La signature d’un partenariat franco-algérien pour rénover la Casbah d’Alger a provoqué une levée de boucliers. Pour ses opposants, la nomination de l’architecte français Jean Nouvel à la tête du projet constitue un affront à l’histoire algérienne.
La signature le 16 décembre d’un partenariat franco-algérien portant sur la rénovation de la casbah (citadelle) d’Alger suscite la polémique. Si le projet a suscité l’enthousiasme de la présidente de la région Ile-de-France Valérie Pécresse et de son homologue algérien, le wali (préfet) Abdelkader Zoukh, ce sentiment ne fait pas l’unanimité de part et d’autres de la Méditerranée. En cause : la nomination de l’architecte français de renommée internationale Jean Nouvel, pour superviser les travaux. Dans une lettre ouverte publiée le 20 décembre dans Libération, plus de 400 personnes, issues de différents milieux en Algérie, en France ou encore au Canada, lui ont font part de leur indignation.
« La Casbah, les Français l’ont déjà partiellement détruite trois fois »
«Nous sommes beaucoup à avoir été choqués en apprenant qu’une convention tripartite avait été signée entre la wilaya d’Alger et la Région Ile-de-France», écrivent en préambule les signataires. Et de poursuivre en invoquant les opérations d’aménagement menées à Alger durant la période coloniale française : «La Casbah, les Français l’ont déjà partiellement détruite trois fois.

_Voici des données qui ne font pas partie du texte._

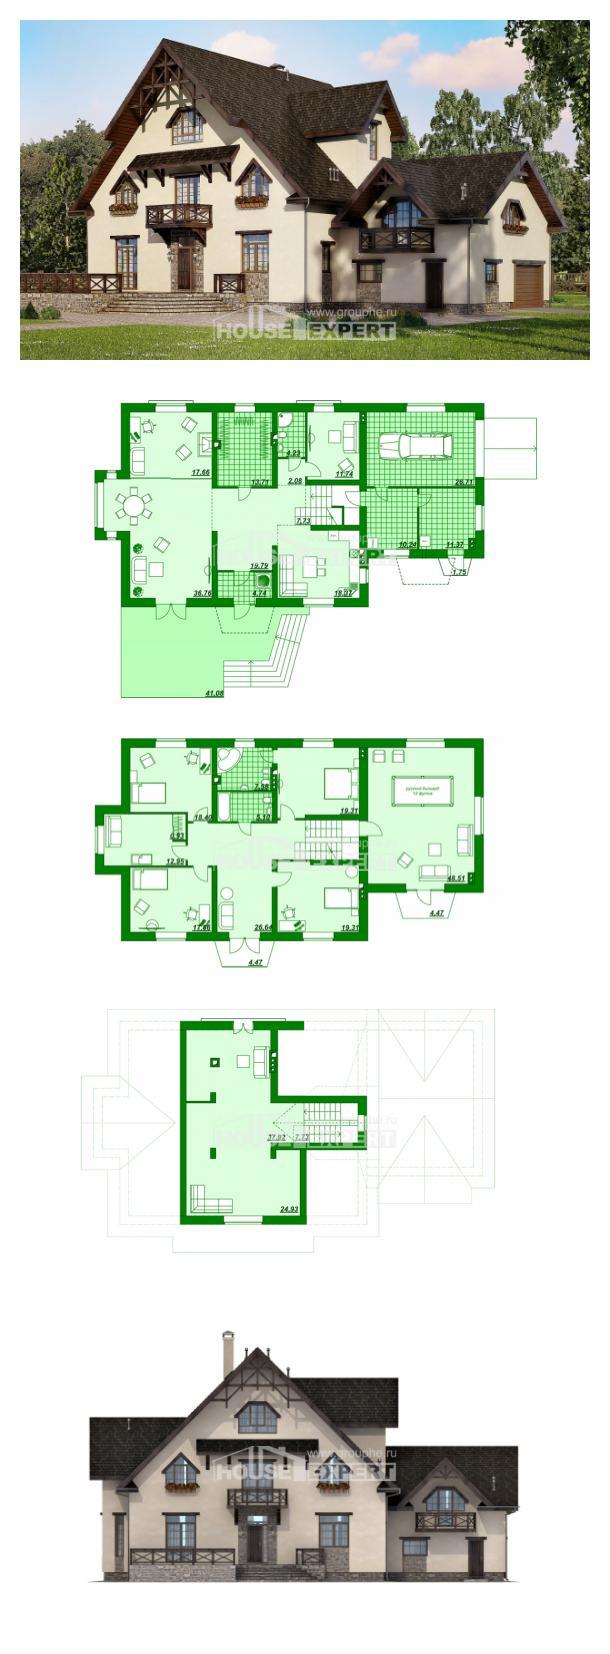 Plan 435-002-R   House Expert

Suivant l’invasion de la Régence d’Alger en 1830, les officiers coloniaux avaient déjà bien compris le danger potentiel de son urbanisme insurrectionnel ; ils ont ainsi ordonné la destruction de toute la partie basse de la ville, privant ainsi la Casbah de son accès à la mer. Plus tard, les autorités coloniales y construiront des immeubles haussmanniens, reprenant les tactiques urbanistes contre-insurrectionnelles déjà appliquées à Paris et Marseille. A la fin des années 1930, lorsque les autorités coloniales ont fait « la guerre aux taudis » et ont ainsi détruit le quartier de la Marine.»
Selon ces signataires, «des projets qui n’auraient pas à cœur de servir en premier lieu ses habitants ainsi que le legs historique, politique et culturel de cette ville dans la ville, et qui leur préféreraient des ambitions touristiques ou financières, ne sont pas dignes de ce lieu de vie et d’histoire». Enfin, ils exhortent l’architecte français à se désister et à recommander à la wilaya d’Alger des architectes locaux «qui sauront problématiser ce projet de manière à préserver la Casbah».
De nombreux internautes algériens ont exprimé, sur les réseaux sociaux, une opposition similaire au projet franco-algérien de rénovation de la casbah. Certains ont fait valoir qu’il existait des architectes algériens capables de diriger un tel projet.
Un temps muette, la wilaya (préfecture) d’Alger a finalement répondu aux critiques en annonçant le 22 décembre dans un communiqué que le partenariat en question «portera[it] uniquement sur la revitalisation de la Casbah d’Alger», sans fournir plus d’explications. Elle a en outre précisé que «tous les frais liés aux prestations de Jean Nouvel ser[aient] pris en charge totalement par le Conseil régional d’Ile-de-France».
«Le rôle de cet architecte de renommée internationale sera d’accompagner la wilaya d’Alger et de lui fournir des idées et des conseils en matière de la revitalisation de la Casbah d’Alger, classée patrimoine mondial par l’UNESCO au mois de décembre 1992», a-t-elle enfin souligné.